◆ Try it: Would you transcribe the records below from the line with "ZipSchool Graphic 1" to the line with "chủ quán karaoke", ends included, exactly and with nothing more, leaving the pictures out?

◆ Records shown:
....

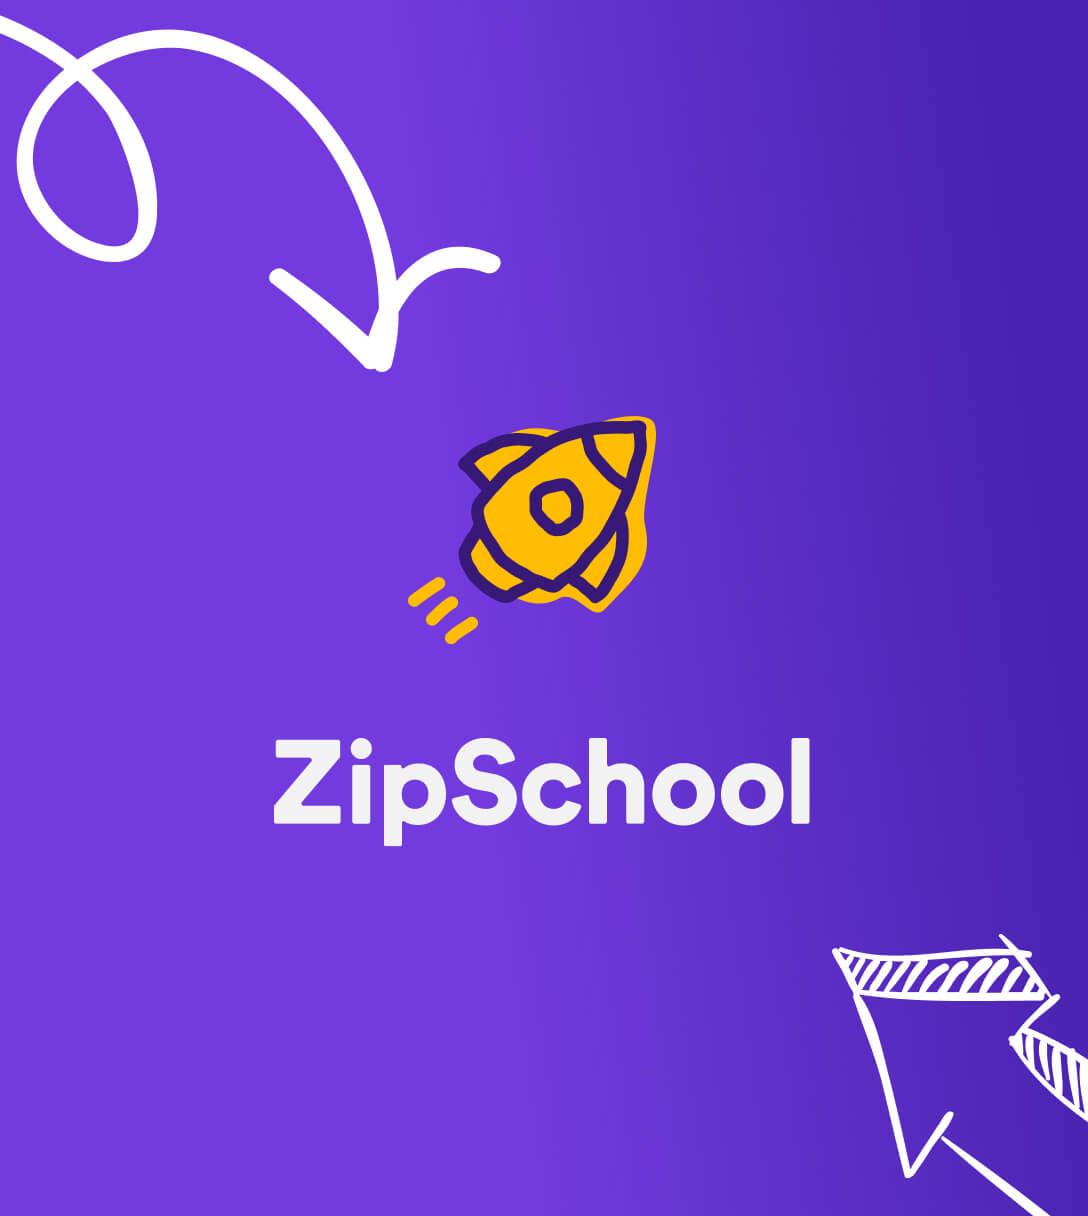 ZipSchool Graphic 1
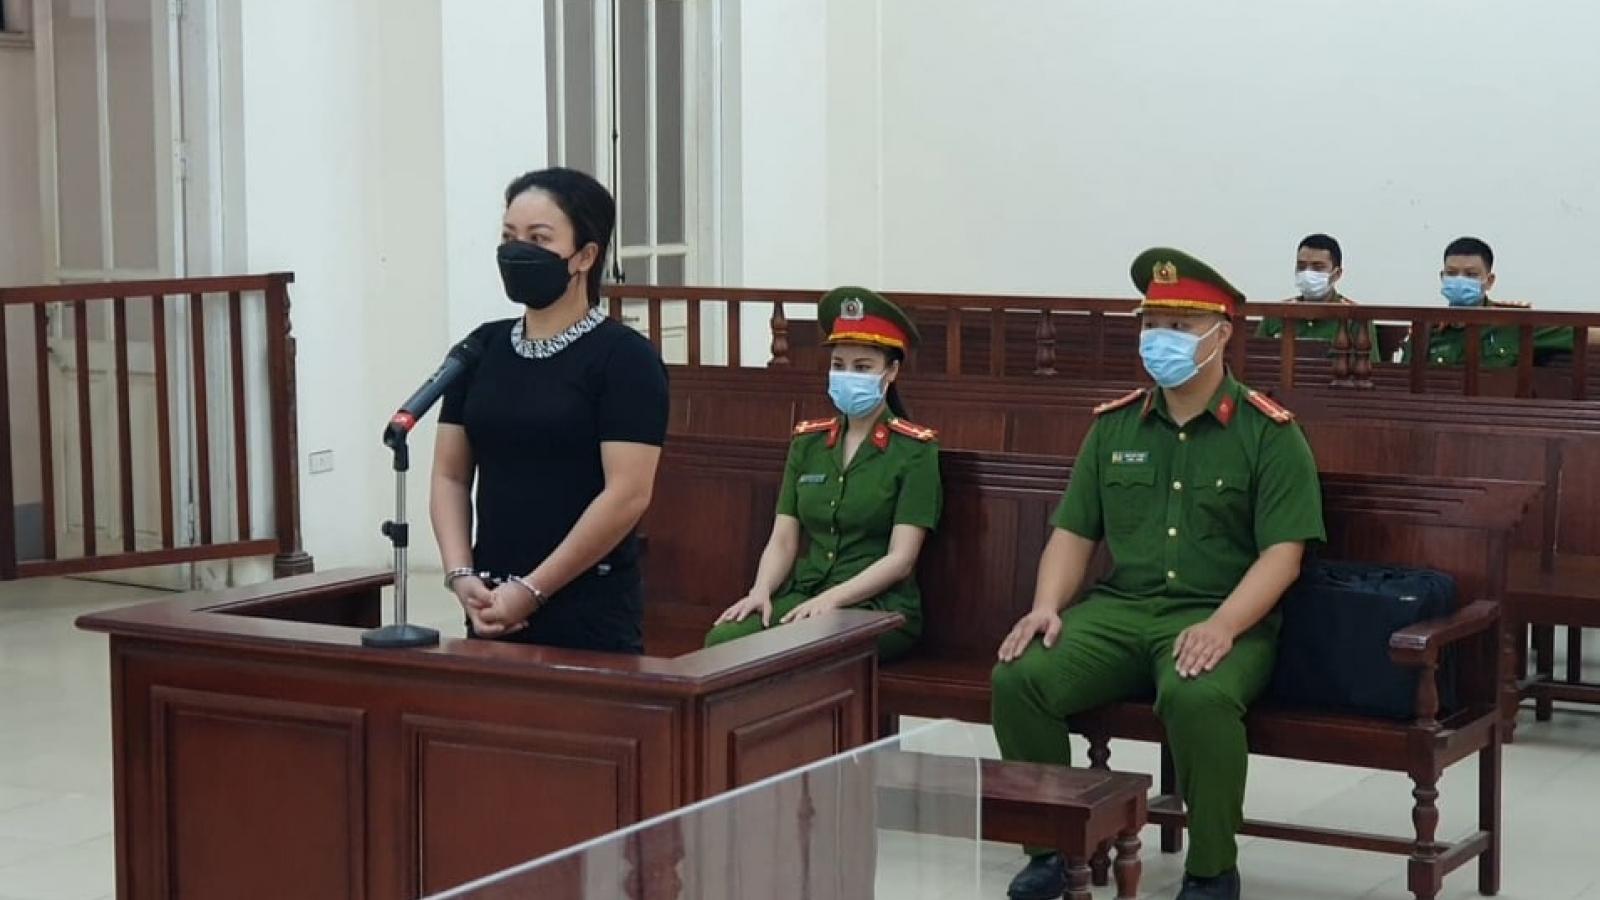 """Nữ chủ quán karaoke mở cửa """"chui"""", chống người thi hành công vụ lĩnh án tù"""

....

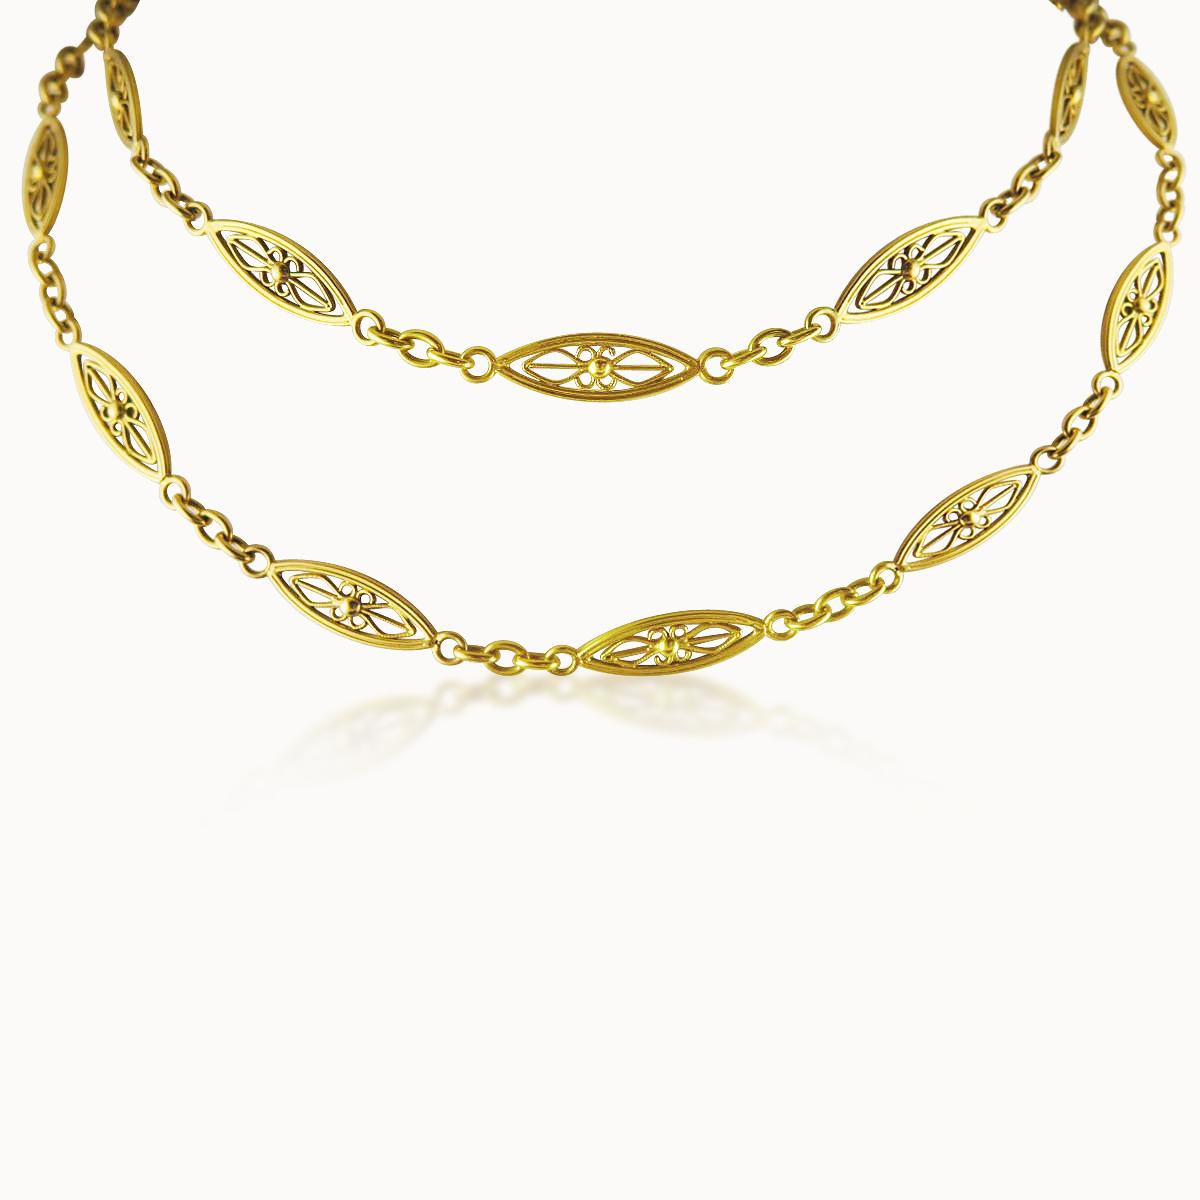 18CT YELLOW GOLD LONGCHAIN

....

◆ Answer space:
 ZipSchool Graphic 1
 """Nữ chủ quán karaoke mở cửa """"chui"""", chống người thi hành công vụ lĩnh án tù"""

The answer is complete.